Люся, с полным ртом, что-то стала писать. Устименко поднялся, пошел в другую комнату, в спаленку, включил радио. Из Москвы играли скрипки, играли фронтам и тылам, играли Родиону Мефодиевичу Степанову и Володе, играли Елисбару Амираджиби и Варваре, играли катерникам — Мише и Грише, играли танкистам и летчикам, десантникам и подводникам, играли всем, кто дожил до сегодняшнего вечера…
Володя лег, закрыл глаза.
«А дожил ли я, — скрипнув зубами, спросил Устименко. — Дожил ли? Или сдался?»
За дверью весело смеялись девочки-журналистки, потом до него донесся голос Веры:
— В общем, это же трогательно, эти мыши в театре.
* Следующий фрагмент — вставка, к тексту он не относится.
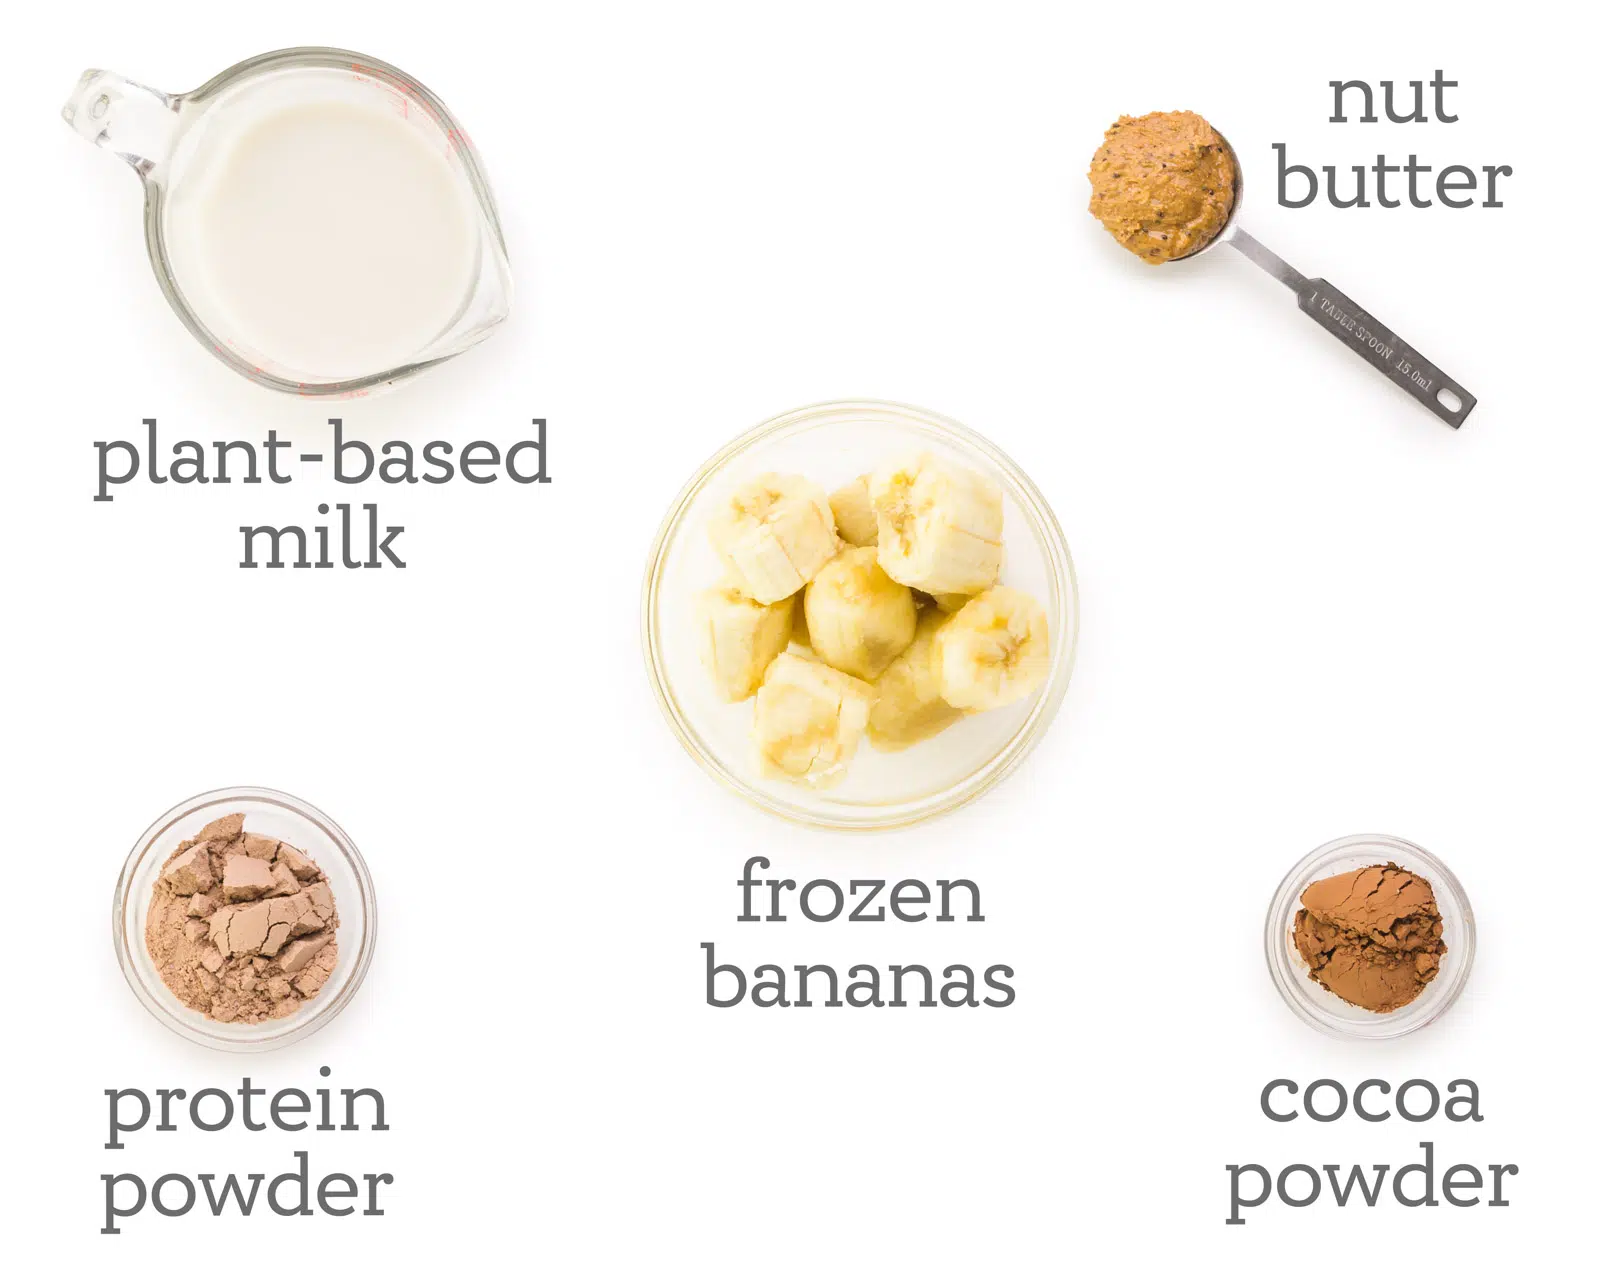 Ingredients are laid out on a table. The labels next to them read, nut butter, cocoa powder, frozen bananas, protein powder, and plant-based milk.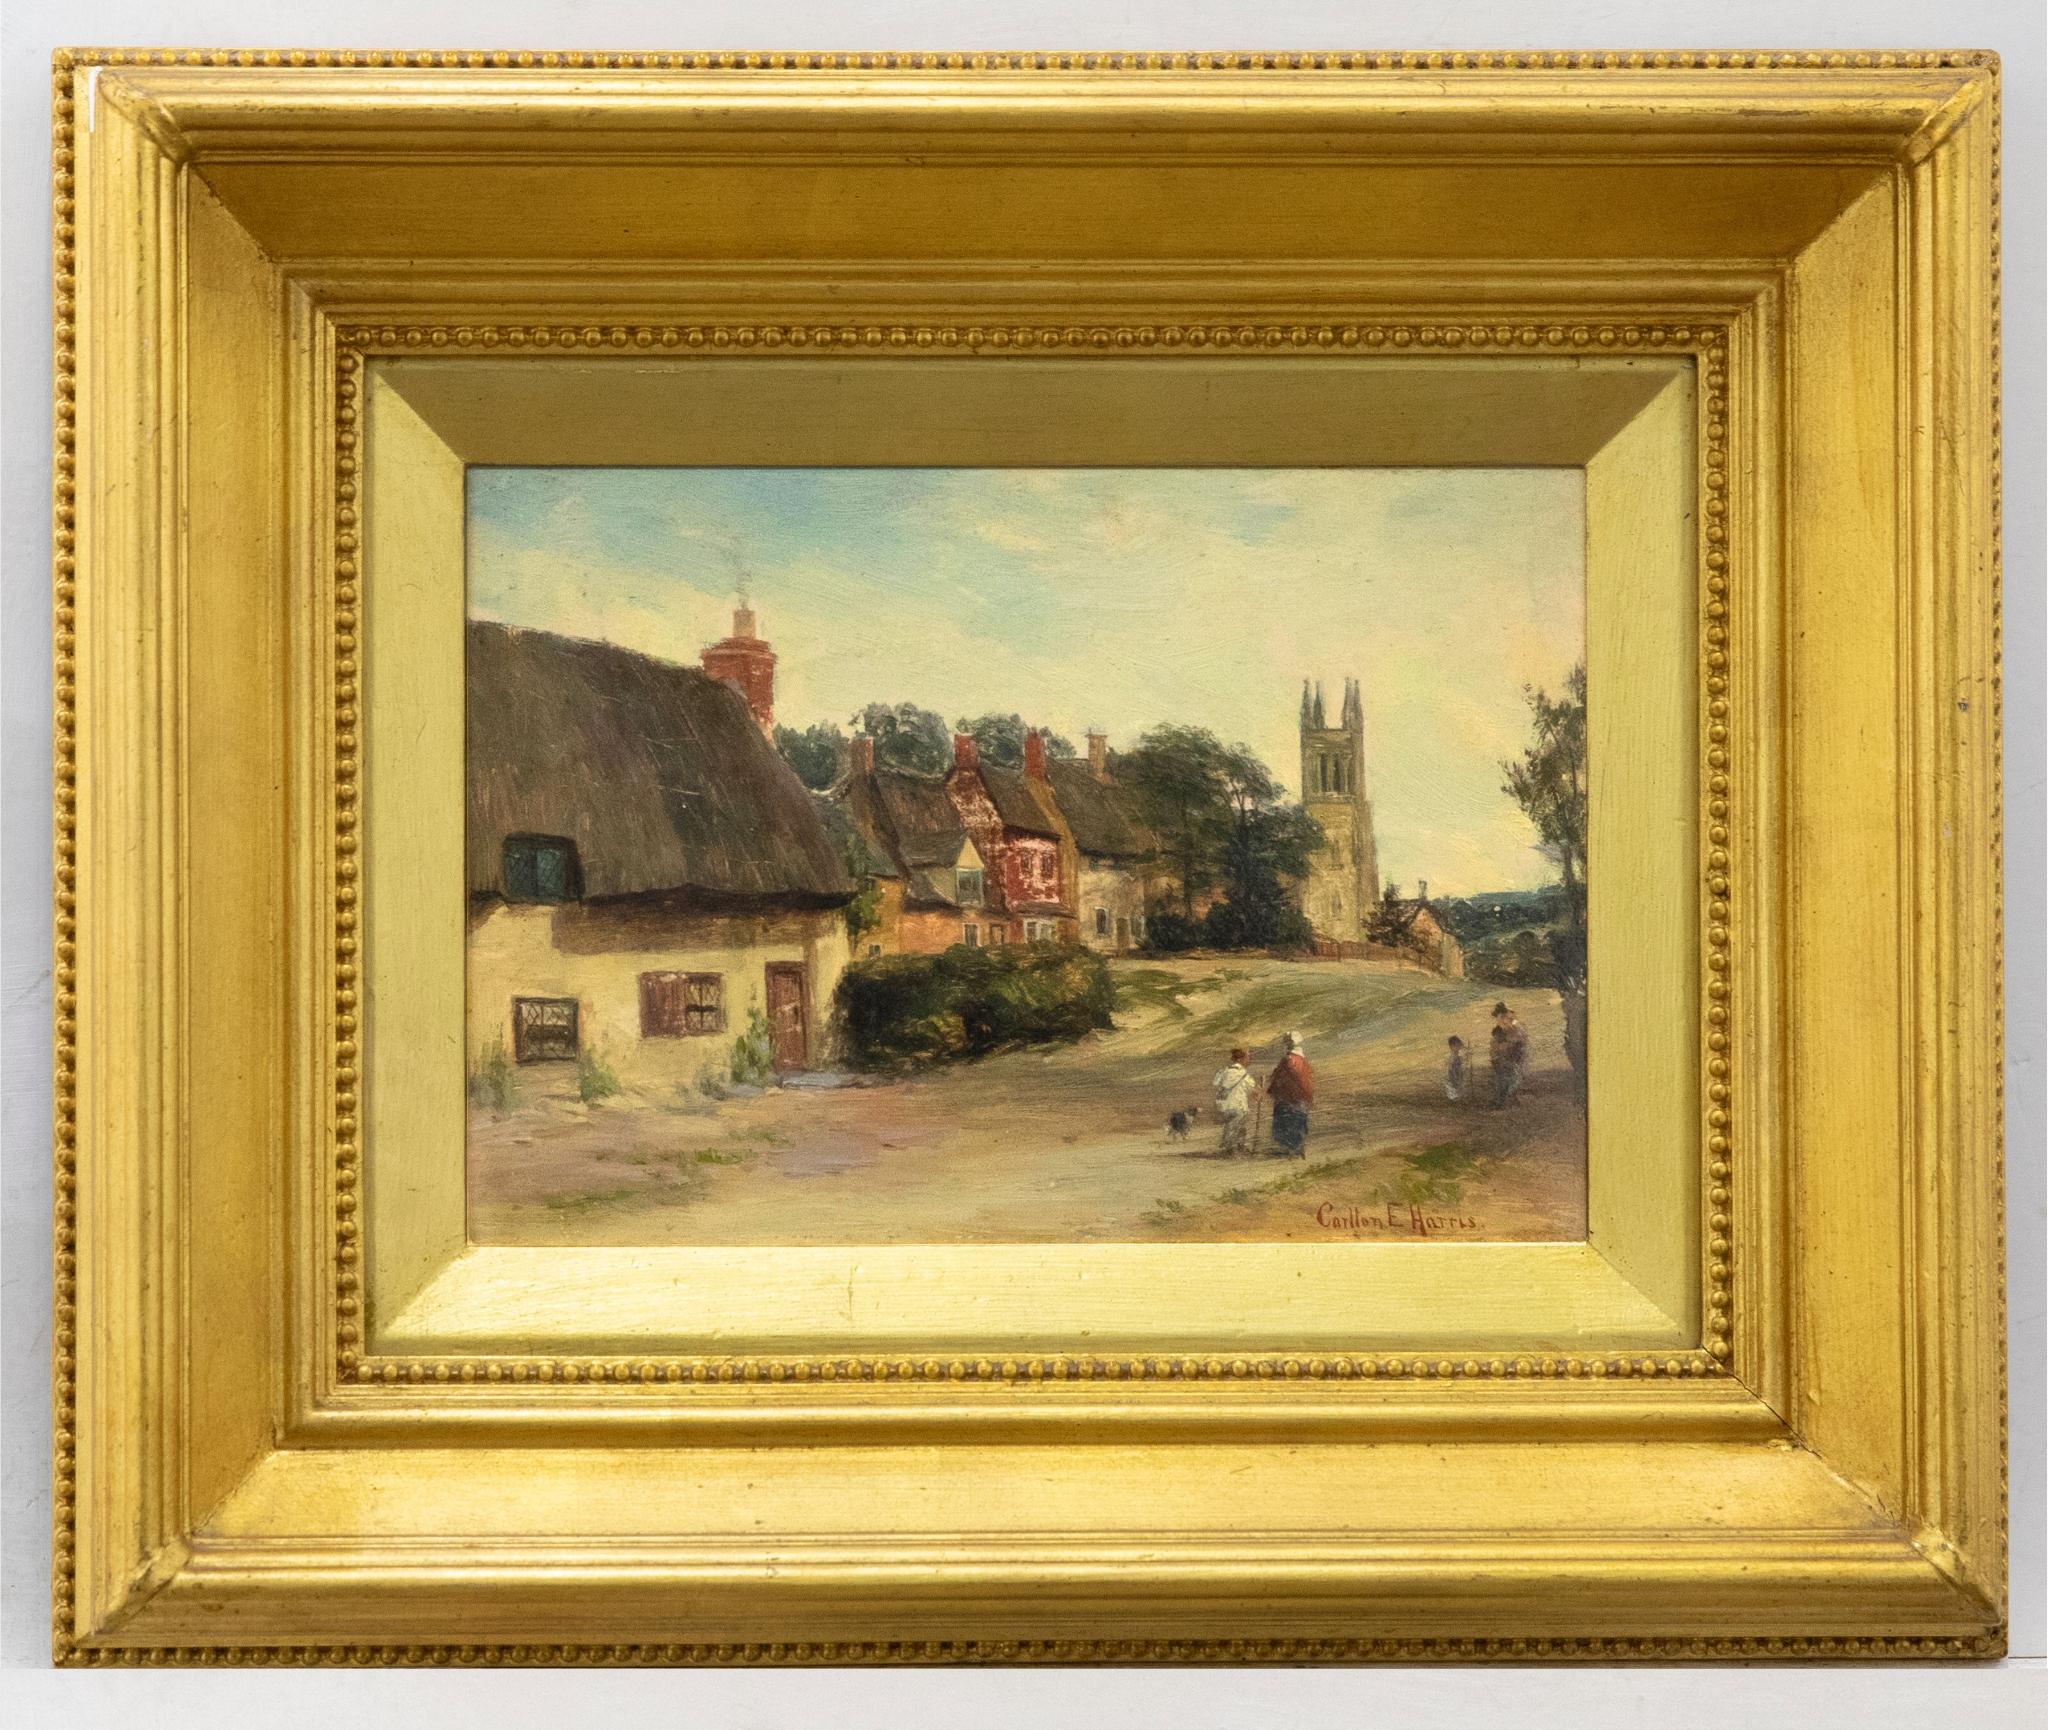 Unknown Landscape Painting - Carlton E. Harris - Late 19th Century Oil, View of the Village II

Характер, ничего не попишешь!
«О господи!» — с тоской подумал Устименко и усилил звук в репродукторе, чтобы не слышать, о чем они там говорят.
А ночью он спросил у Веры:
— Что за дурацкая история с этим очерком, объясни мне, пожалуйста!
— Сначала поцелуй меня! Я не могу целыми днями без тебя…
Щелкнул выключатель, загорелся ночник в виде розовой почему-то совы. Вера лежала, прижавшись щекой к его плечу. Он слышал ее дыхание, слышал посвист вьюги за окном жарко натопленной комнатки, слышал, как бьется сердце женщины, которая стала его женой.
— Поцелуй меня сейчас же! — ровным голосом велела она. — И не капризничай, как барышня.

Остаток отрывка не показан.